Theory of Polar Skyrmions in Layered Structure of Ferroelectric Perovskites

TL;DR

This paper develops a theoretical framework explaining the formation of polar skyrmions in layered ferroelectric perovskites, highlighting the role of polarization-strain coupling and predicting various skyrmion types consistent with experimental observations.

Contribution

It introduces coupled Euler equations for polarization and strain, providing a novel explanation for skyrmion formation without known interactions in layered ferroelectric superlattices.

Findings

Polar skyrmions are explained by polarization-strain coupling.

Skyrmion types vary from Neel to Bloch depending on layer position.

Theoretical predictions align with experimental observations.

Abstract

Discovery of polar skyrmions on the (PbTiO$_3$)$_n$/(SrTiO$_3$)$_n$ superlattice in the absence of any known interaction, which can orient electric polarizations at a point with respect to its neighboring points, is enigmatic.
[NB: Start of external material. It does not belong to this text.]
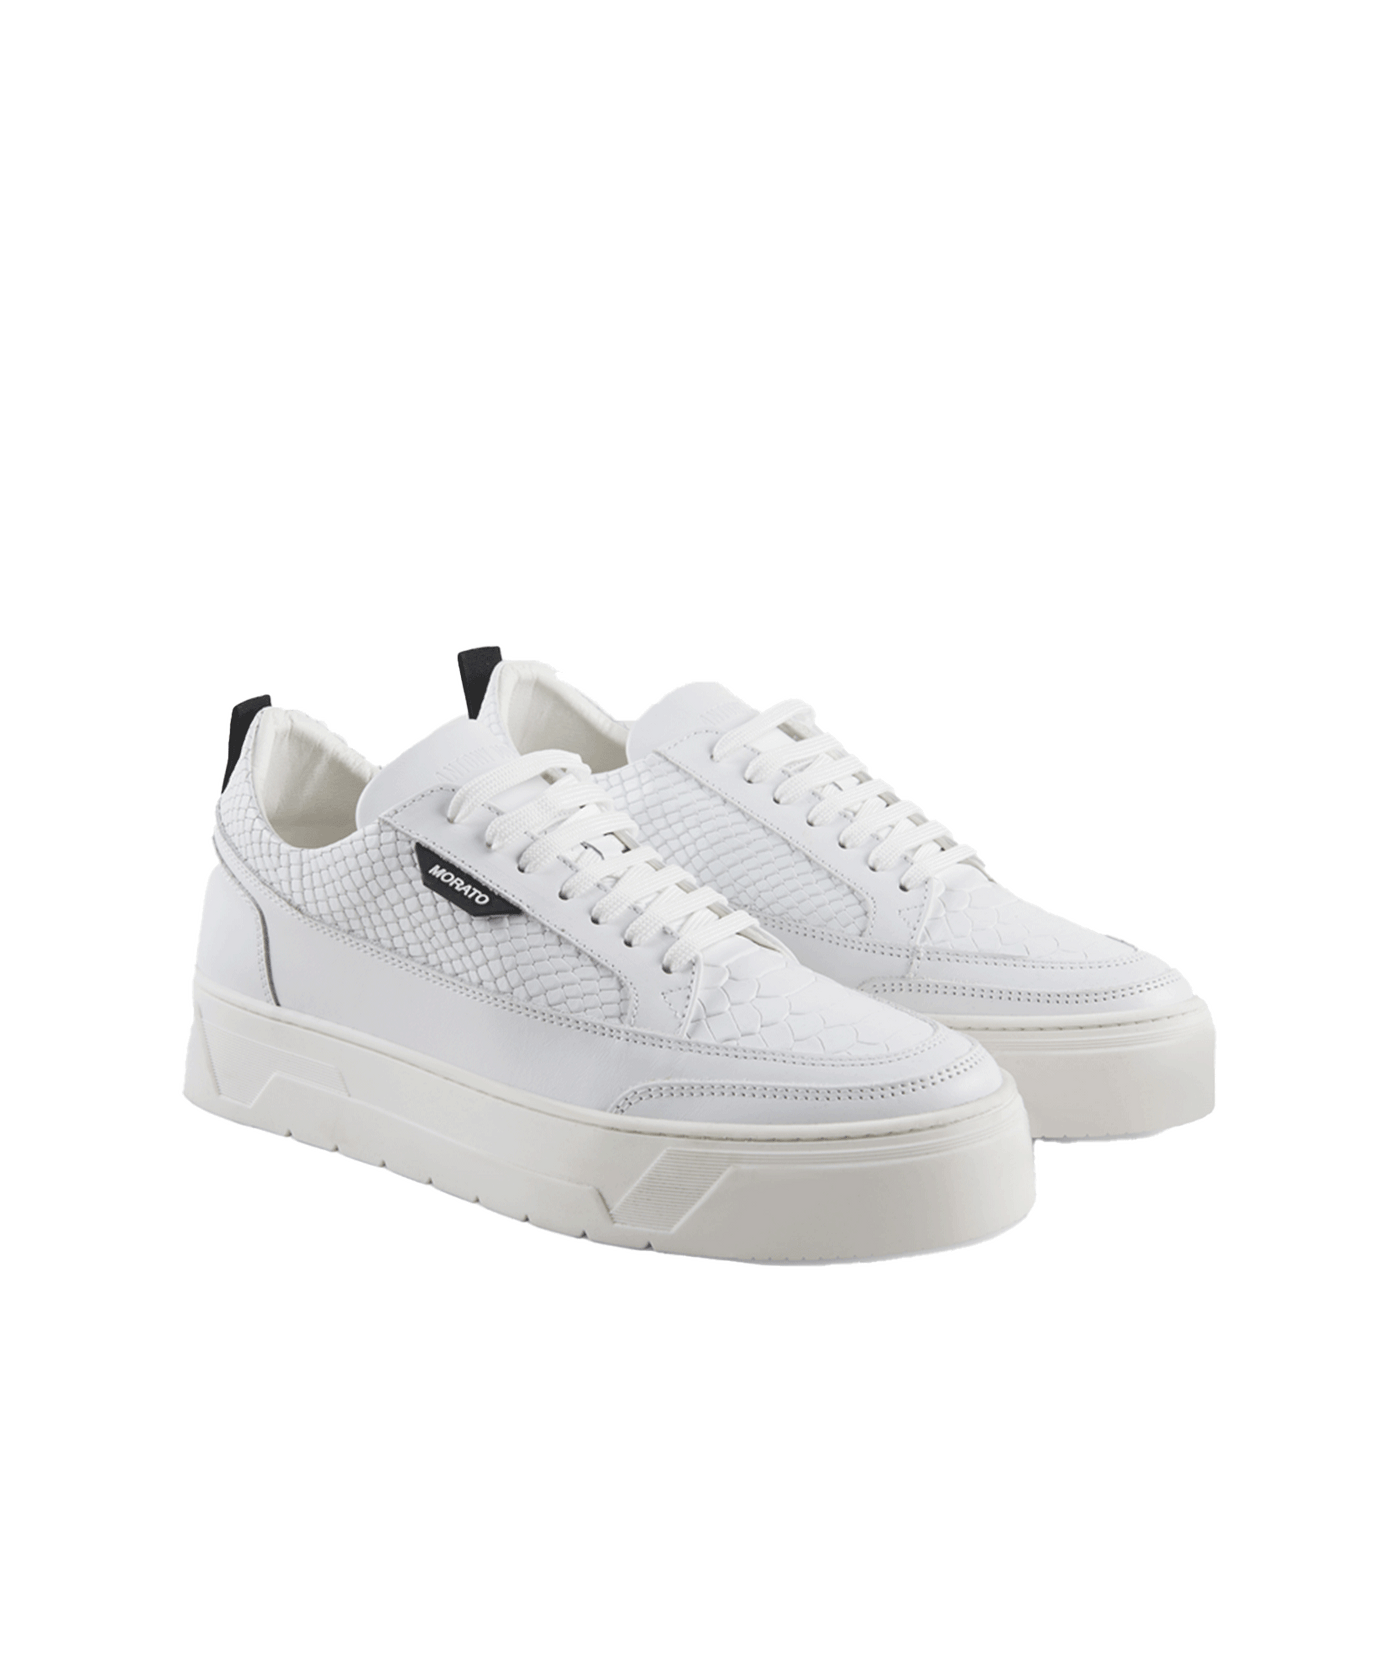 Antony Morato - Mmfw01665-le300001 - Sneaker - 1000 White
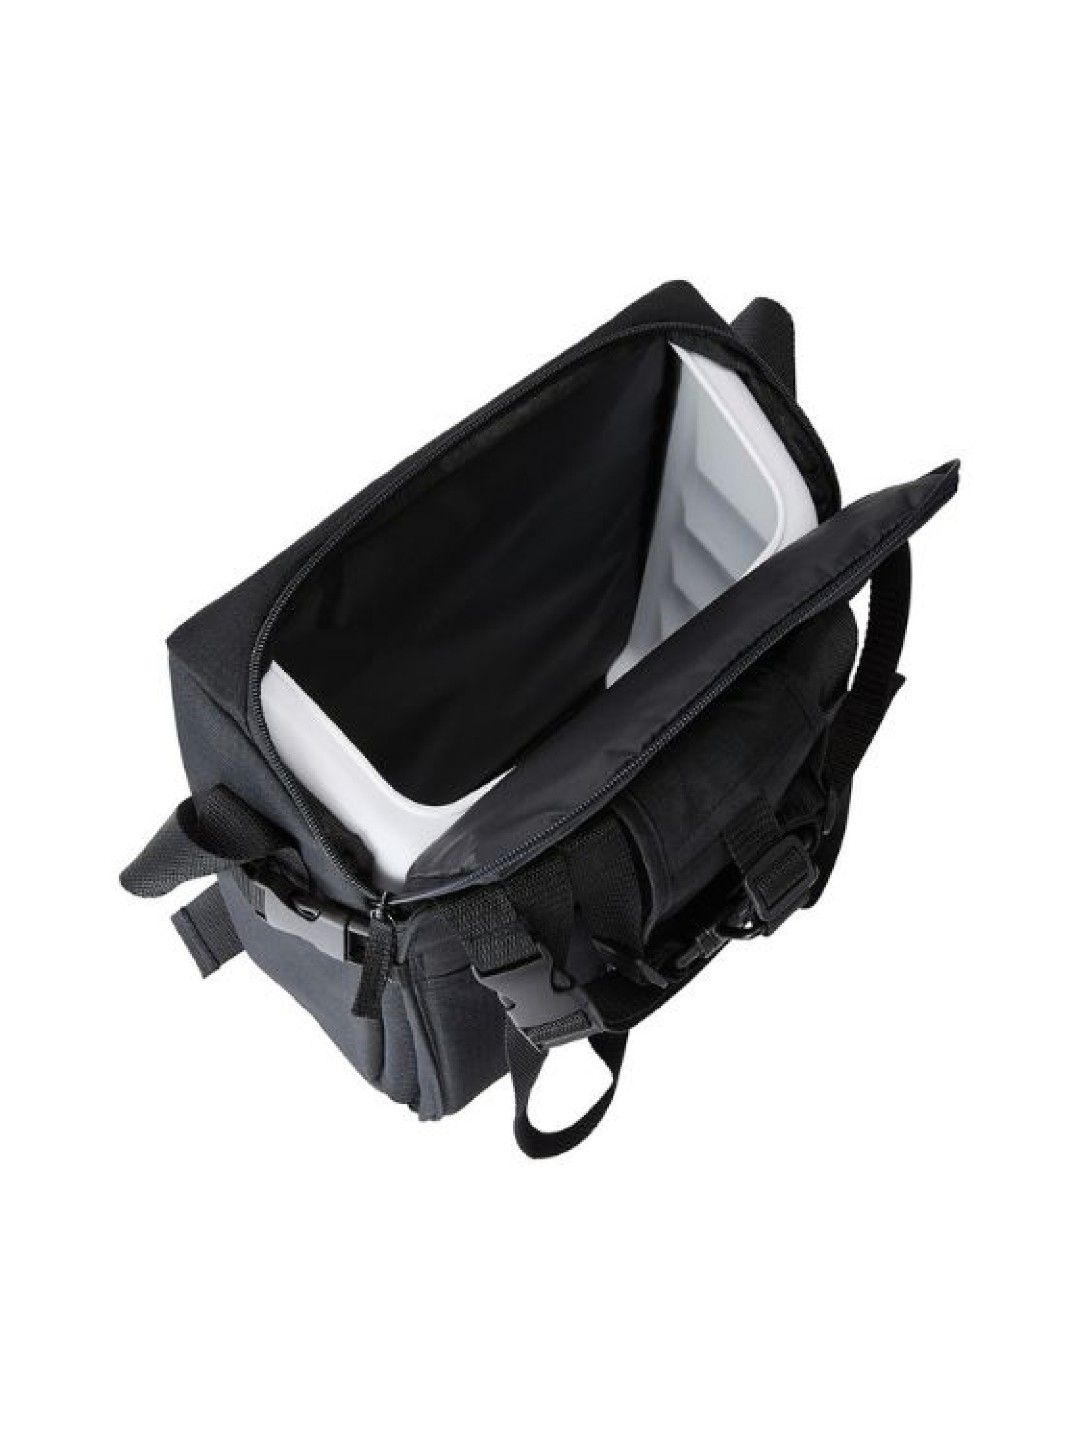 Anko Portable Feeding Booster Seat (Black- Image 2)

We here show that the coupling of the electric polarization and strain at each layer is responsible for orienting polarizations. We formulate coupled Euler equations for electric polarization and elastic displacement vectors, and solve to find skyrmion solution for a range of electric fields with unique topological number in each layer. The types of skyrmions vary from Neel to Bloch depending on the position of the layers in the superlattice, as observed in the experiments.